BY REALLY COLD | OTTAWA BUREAU
Prime Minister Mark Carney’s visit to a Saskatchewan grain silo complex took an unexpected turn when Canada’s head honcho hocked a fat loogie on an onlooker’s baby.
“I saw it happen,” said Isaac Fitzherbert who attended the event. “Marky Mark honed in on that baby like a heat-seeking missile. He leaned over the soft spot of its head and then started making that noise like when a cat yarfs up a hairball.”
While this act would have ruined the career of lesser politicians when the Dilly Dally reached out to the mother of the baby for comment, she denied any wrongdoing on the prime minister’s part.
“It was the happiest day of my life,” said Fanny Grill, mother of the spat-upon baby. “Getting my PhD from McGill, marrying my gorgeous, sexy husband and having my precious children had absolutely nothing on Mark Carney spitting in close proximity to me.”
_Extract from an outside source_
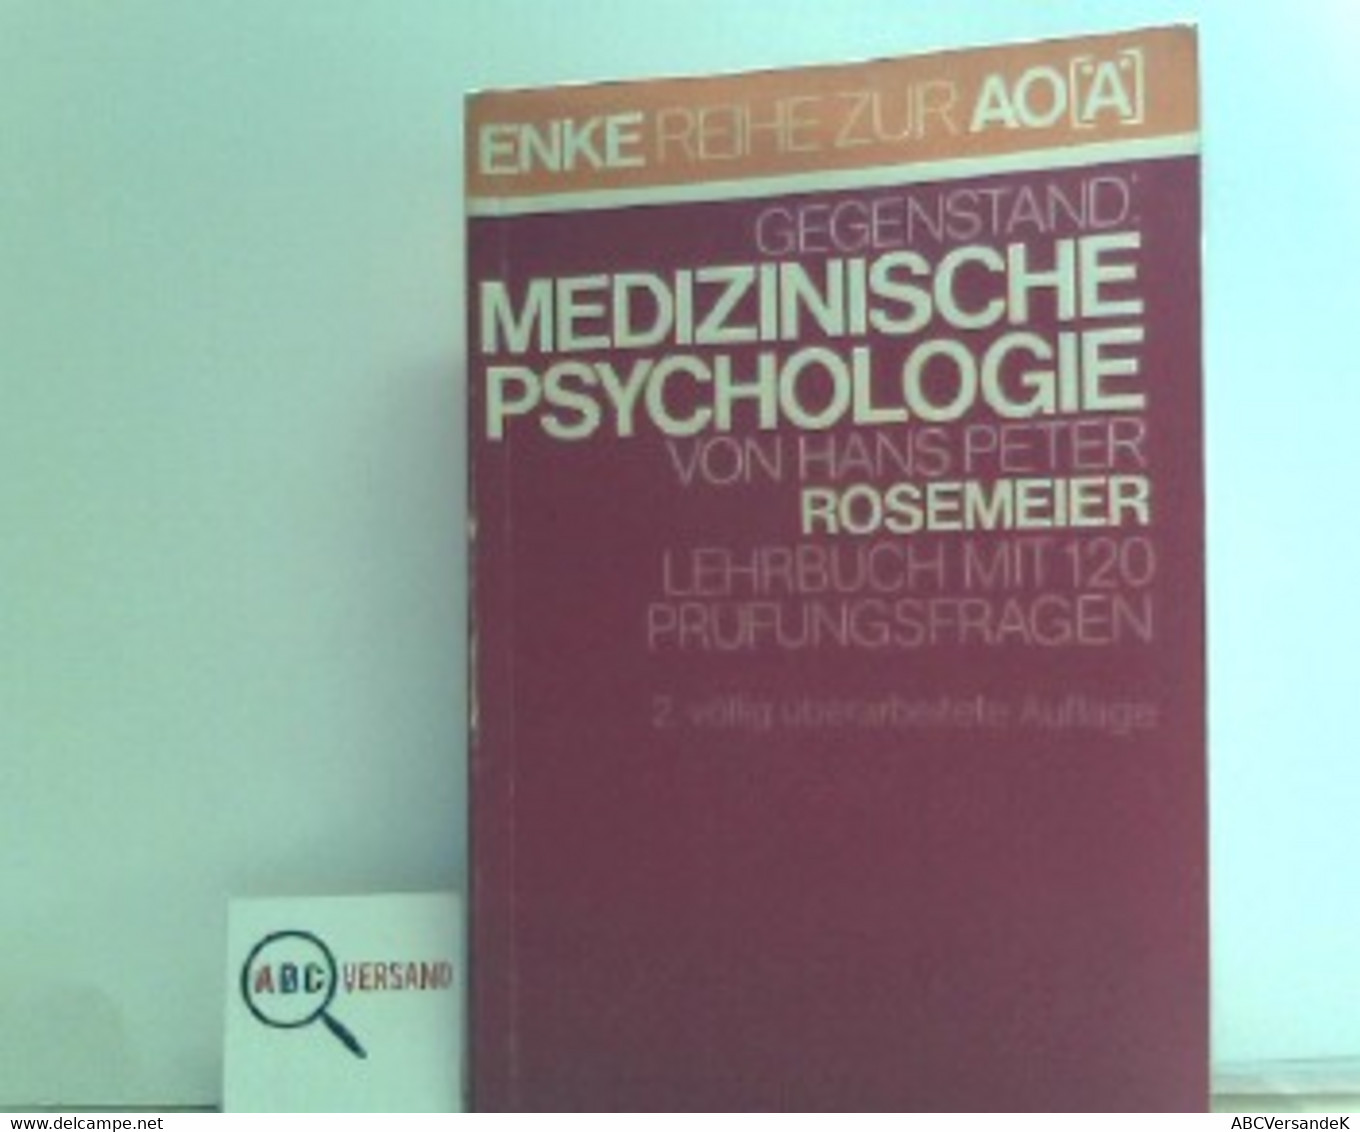 Medizinische Psychologie : Lehrbuch Mit 120 Prüfungsfragen,Hans Peter Rosemeier. Mit Beitr. Von Meinhard Adler - Psychology
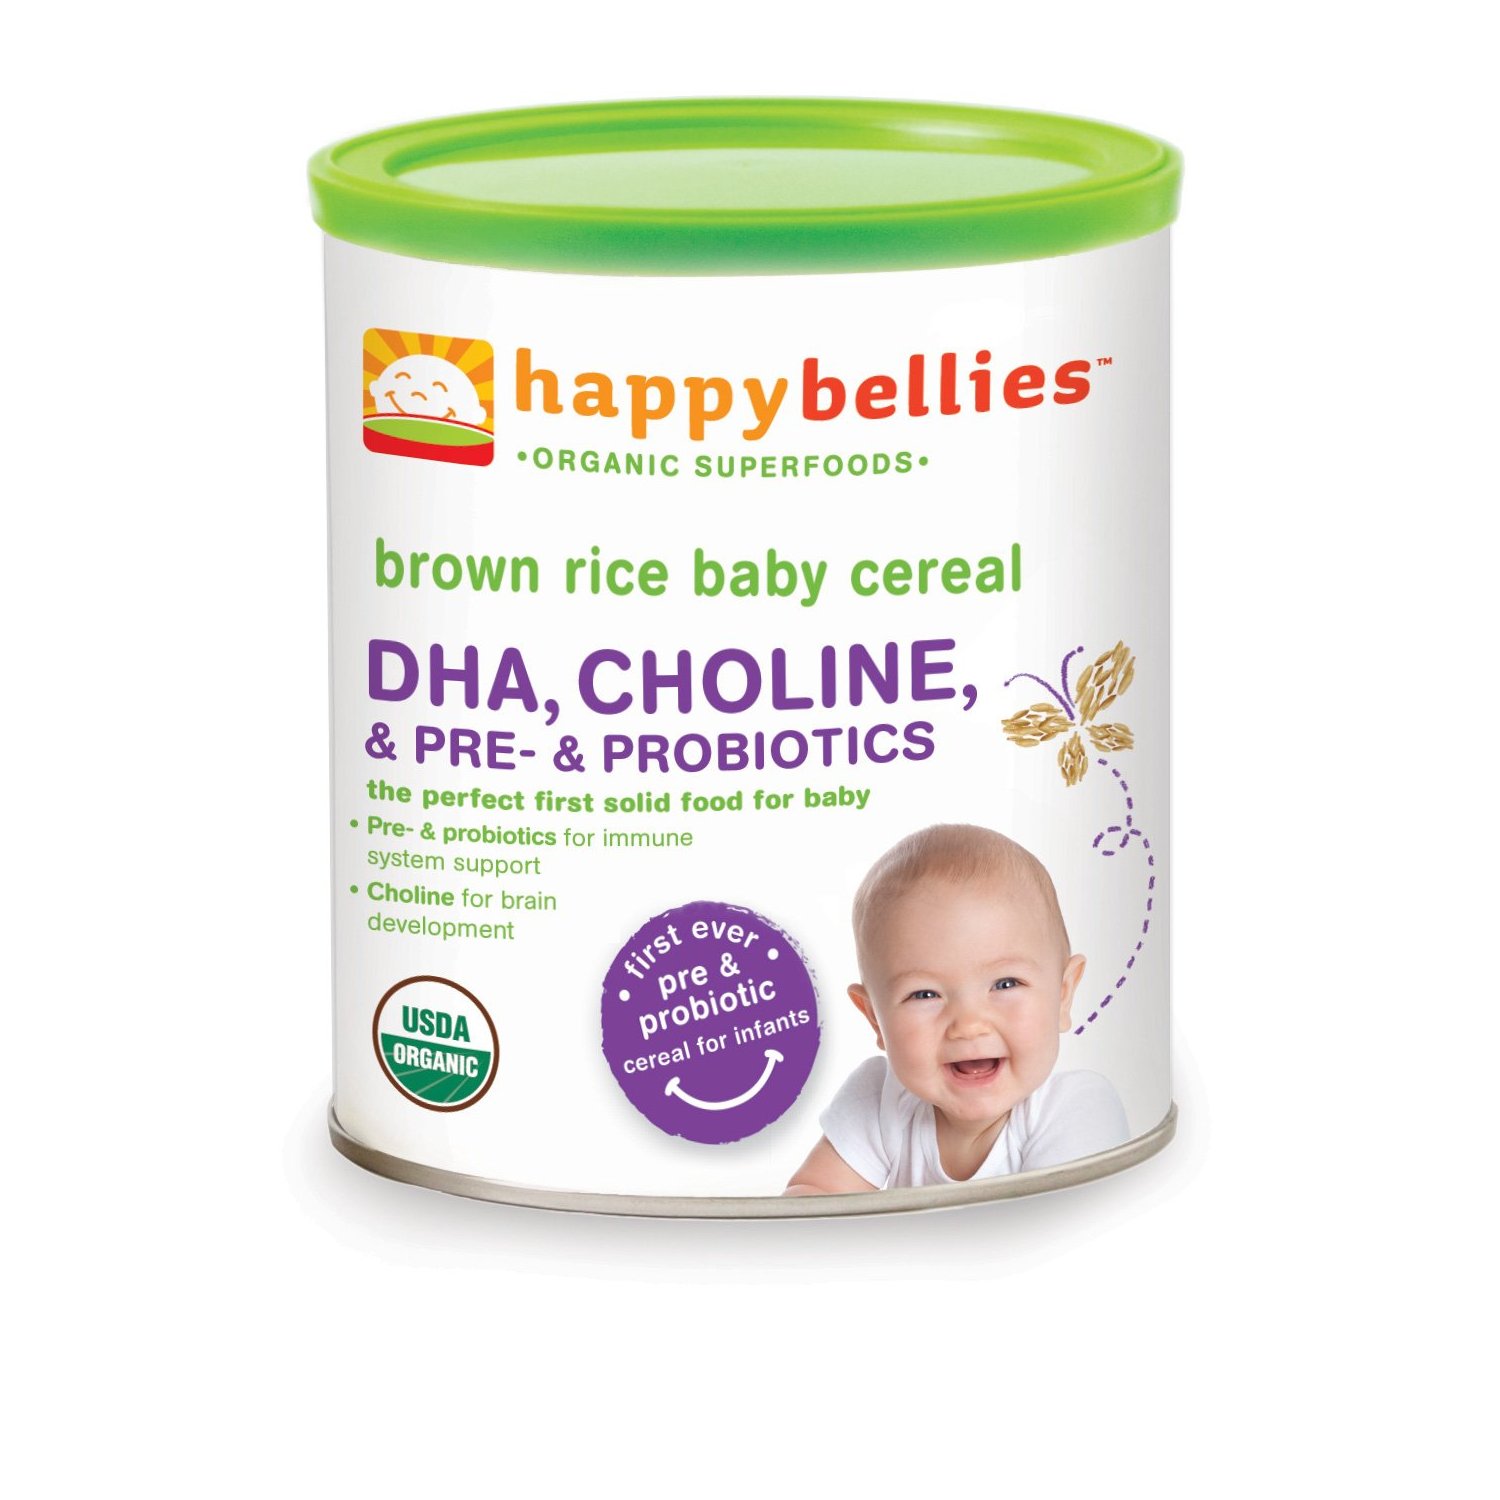 禧贝 Happy Bellies 糙米米粉（含DHA + Pre & Probiotics）6罐装，现仅售$16.95，免运费

When pressed about how “close proximity” was in fact her child’s head, Grill responded.
“Kids ruin everything, don’t they?” she said.
Clips of the event promptly went viral with many Carney fans expressing their jealousy over the baby by posting GIFs of Peter Griffin begging like a dog.
Desperate to reclaim some of the thunder he’d lost after getting stuck in a well for 10 days, Pierre Poilievre spat on a set of triplets at a supporter’s gala in New Brunswick last night. The mother of the children swiftly pressed charges. Poilievre is no longer welcome at the Days Inn reception centre in Moncton, N.B.